To echo what others have said, having a problem you need to solve is paramount
to succeeding. If you're just reading a programming book, being introduced to
totally foreign concepts that you never put into practice, you won't get
anywhere.

Based on your background (looks like design and electrical engineering), I
think you'll do fine.

Some of my first projects were: \- A directory (basically just listings on a
map) \- A customer survey \- A todo manager \- A wordpress plugin

All simple projects, but all things I was able to use. When you first start,
sometimes you have to reinvent the wheel a bit just to get some practice (it's
not like any of the aforementioned haven't been done a thousand times). What
you're looking to develop are fundamental skills:

\- How to design a relational database \- How to design a non-relational
database \- How to query said database \- How to work with strings (splitting,
imploding, etc.) \- How to work with arrays and loops \- How to work with
objects etc. etc. etc.

As you keep adding new tools to your arsenal, you'll wake up one day and be
really surprised with what you know.

...And as a few others also said - stay humble. You can be proud of the things
you create - but just look around every once in a while and find someone
better than you. You won't have to look very hard.

------
Homunculiheaded
A hugely important thing to keep in mind when learning is "humility is
endless". I remember when I started out I felt like I knew hopelessly nothing.
Well it turns out that this is actually a good thing. You learn much better
when you approach everything with the attitude of "I don't know this so I am
open to everything" (There's a concept of 'Beginners Mind' in Zen Buddhism
which is similar). I find that new programmers are discouraged by this
feeling, when in fact the most dangerous thing is when you start to approach
problems with the attitude (and we've all done this) "Okay I'm a smart guy ,
this should be easy to understand". So cherish that feeling of ignorance, and
work to maintain it (the feeling not the actual ignorance).

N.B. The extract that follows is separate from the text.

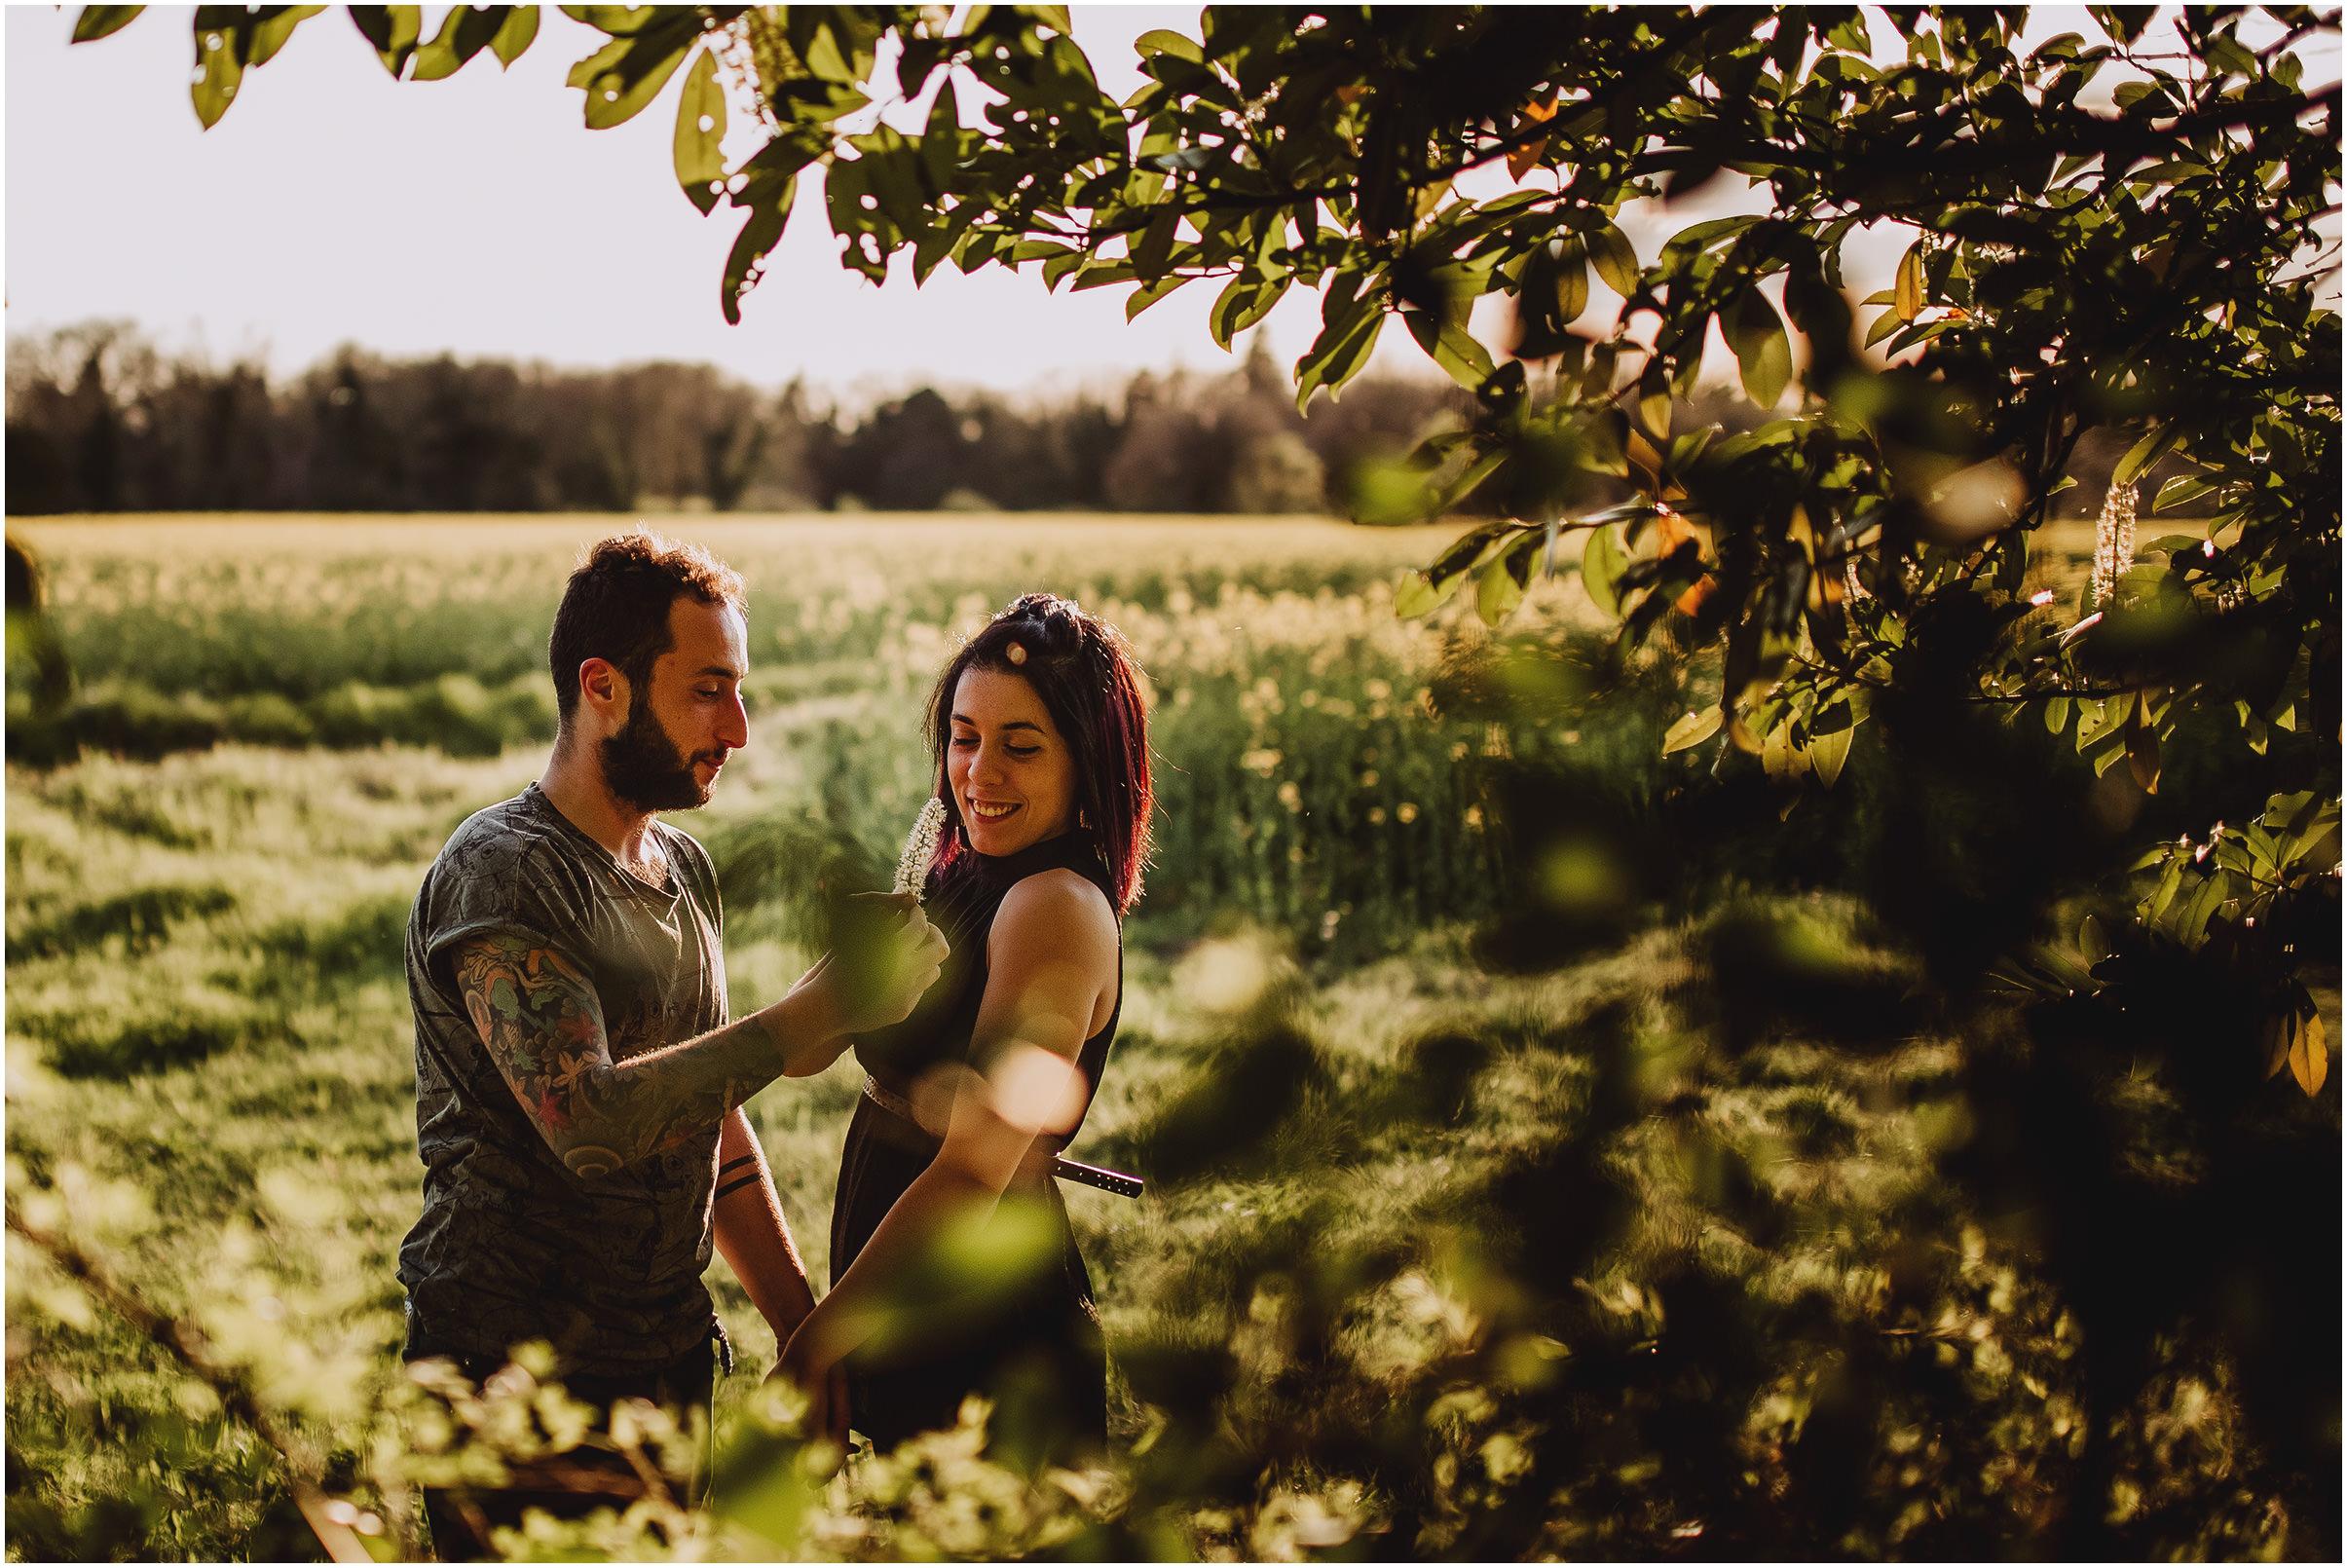 coppia-lovesession-marta-nicola-sara-lorenzoni-fotografia-wedding-matrimonio-arezzo-06

And of course the biggest thing is to try to put in 1-3 hours a day of
practice. Coding a problem you have solved before is not practice. Always be
pushing yourself. At first this is very easy since everything is new, just
code 1-3 hours a night. But as you get better continue to try to learn new
things, code problems from a book you're reading, start learning a programming
language that challenges you, implement new algorithms, refactor and improve
something you've written etc. Essentially practice is very closely related to
humility.

Put in enough hours of true practice and you will be a better programmer.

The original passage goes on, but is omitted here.